Scaricato Post Board fa causa a Kurti Government

Il finanziamento dell'ex società pubblica centrale “Kosovo Post” ha incriminato il governo in carica del Kosovo sulla decisione presa da quest'ultimo di saccheggiare questo consiglio. Ex membri del consiglio di amministrazione postale del Kosovo, Halit Isufi, Hysen Fazliu, Rushan Ceka, Zelfija Plana, Nuhi Proveliu, Ylber Zabergja, che [...]
Il finanziamento dell'ex società pubblica centrale “Kosovo Post” ha incriminato il governo in carica del Kosovo sulla decisione presa da quest'ultimo di saccheggiare questo consiglio.
Già i membri del consiglio di amministrazione del Kosovo, Halit Isufi, Hysen Fazliu, Rushan Ceka, Zelfija Plana, Nuhi Proveliu, Ylber Zabergja, che rappresenta l'avvocato Mesar Selimaj martedì, hanno presentato il loro indictment al Dipartimento per gli Affari amministrativi, presso il Tribunale di Pristina.
Secondo l'accusa, prevista dal “Justice Vow”, i membri del suddetto debito stanno cercando di annullare l'atto amministrativo emesso dal governo nell'ufficio del Kosovo il 2 aprile di quest'anno, attraverso il quale aveva scaricato questo consiglio, e poi nominato un consiglio di società temporanea in questione.

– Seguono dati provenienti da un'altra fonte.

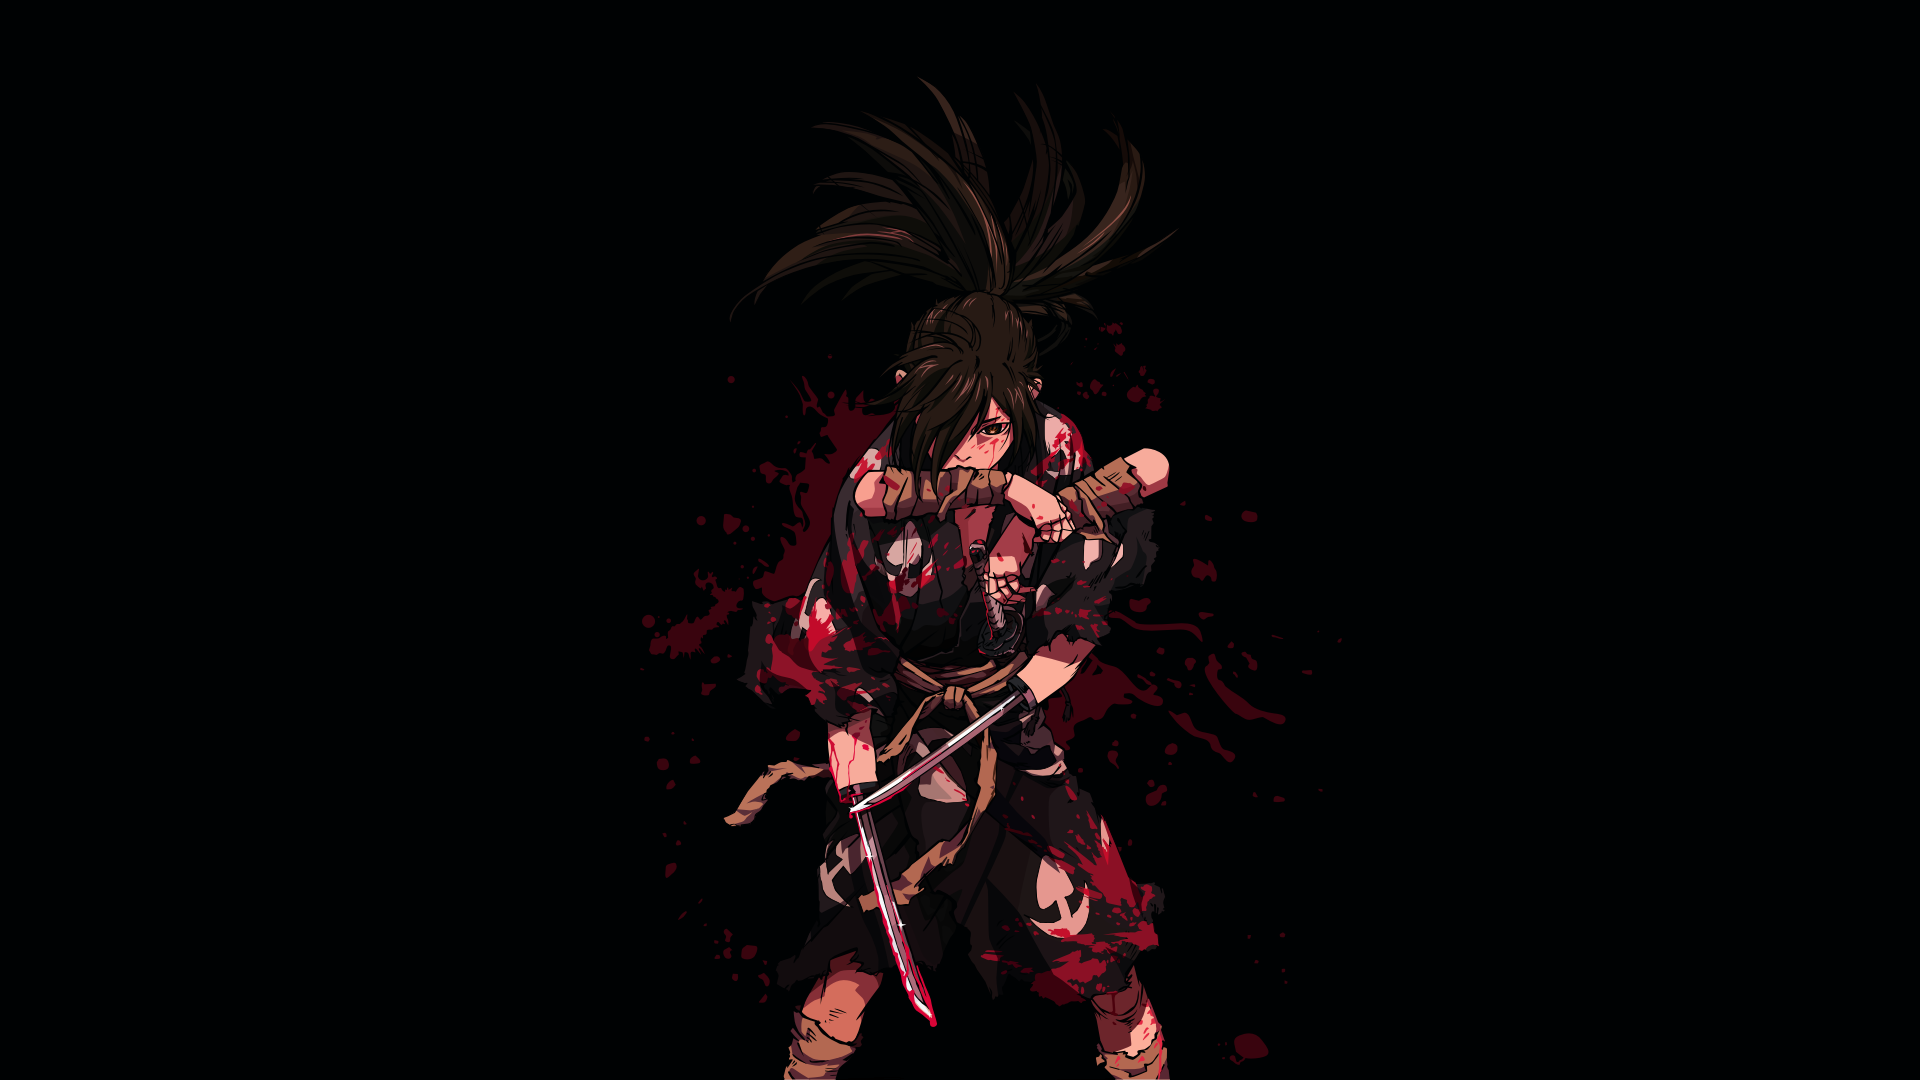 Anime 1920x1080 Hyakkimaru minimalism anime Dororo samurai black background blood spatter

Secondo l'accusa, il governo in carica della Repubblica del Kosovo ha fatto riferimento alla Costituzione della Repubblica del Kosovo, alla Legge per le Imprese Pubbliche con i suoi cambiamenti, e alla Relazione di Audizione per le Imprese Pubbliche “Kosovo Post” per l'esercizio finanziario concluso il 31 dicembre 2018.
Secondo i quesiti, tuttavia, la decisione del governo è infondata a causa di violazioni fondamentali della legge generale sulla procedura amministrativa e della legislazione competente per le imprese pubbliche in Kosovo, a causa della conferma errata e incompleta della situazione attuale, e della cattiva attuazione del diritto materiale, scrive la legge sulla giustizia.
L'incriminato “ha fallito nella sua decisione ma ha deciso sulla proposta del ministro MEPTINIS del 26.02.20, che quest'ultimo ha generalmente presentato fatti falsi per quanto riguarda il lavoro del Consiglio in questione. Di cui abbiamo piena convinzione che tale decisione sia ampiamente politica e antilegale.
Il fatto è detto che il governo dell'incumbent è stato obbligato a elaborare e chiarire tutte le argomentazioni convincenti su cui ha preso una decisione del genere, in modo che a questo punto anche tali azioni rendono illegale tale decisione, e che l'indictee non ha ragionato quali prove ha ricevuto come dimostrato e che come non confermato.
L'accusa è stata nominata il 18 giugno 2019, mentre secondo la decisione del governo in carica per il licenziamento del consiglio di amministrazione in questione, Nuhi Proveliu e Ylber Zabergja sono stati chiamati alla relazione sulle imprese pubbliche del Kosovo “Post, per l'esercizio finanziario concluso il 21 dicembre 2018, e quindi riferito che il governo in carica ha respinto questi membri del Consiglio, non essendo affatto membri per il periodo per il quale ha scaricato.
I ricorrenti sostengono che la decisione del governo kosovaro è stata presa anche con l'erronea attuazione della legge materiale o della legislazione competente per le imprese pubbliche nella Repubblica del Kosovo, e ciò, secondo l'accusa, è confermato dal fatto che la decisione incriminata è stata portata contro l'articolo 17 della legge per le imprese pubbliche, che nel primo comma definisce che “a persona ha il diritto di servire da direttore solo se soddisfa tutte le condizioni di adattamento.
Pertanto, secondo l'accusa, i ricorrenti chiedono alla Corte costituzionale di emettere una causa in base alla quale sarebbe stata approvata l'accusa, di annullare la decisione del 2 aprile 2020 del governo in carica della Repubblica del Kosovo, e di costringere il querelante a restituire i querelanti alle loro posizioni precedenti e a compensare i loro salari, che vanno dal giorno del licenziamento.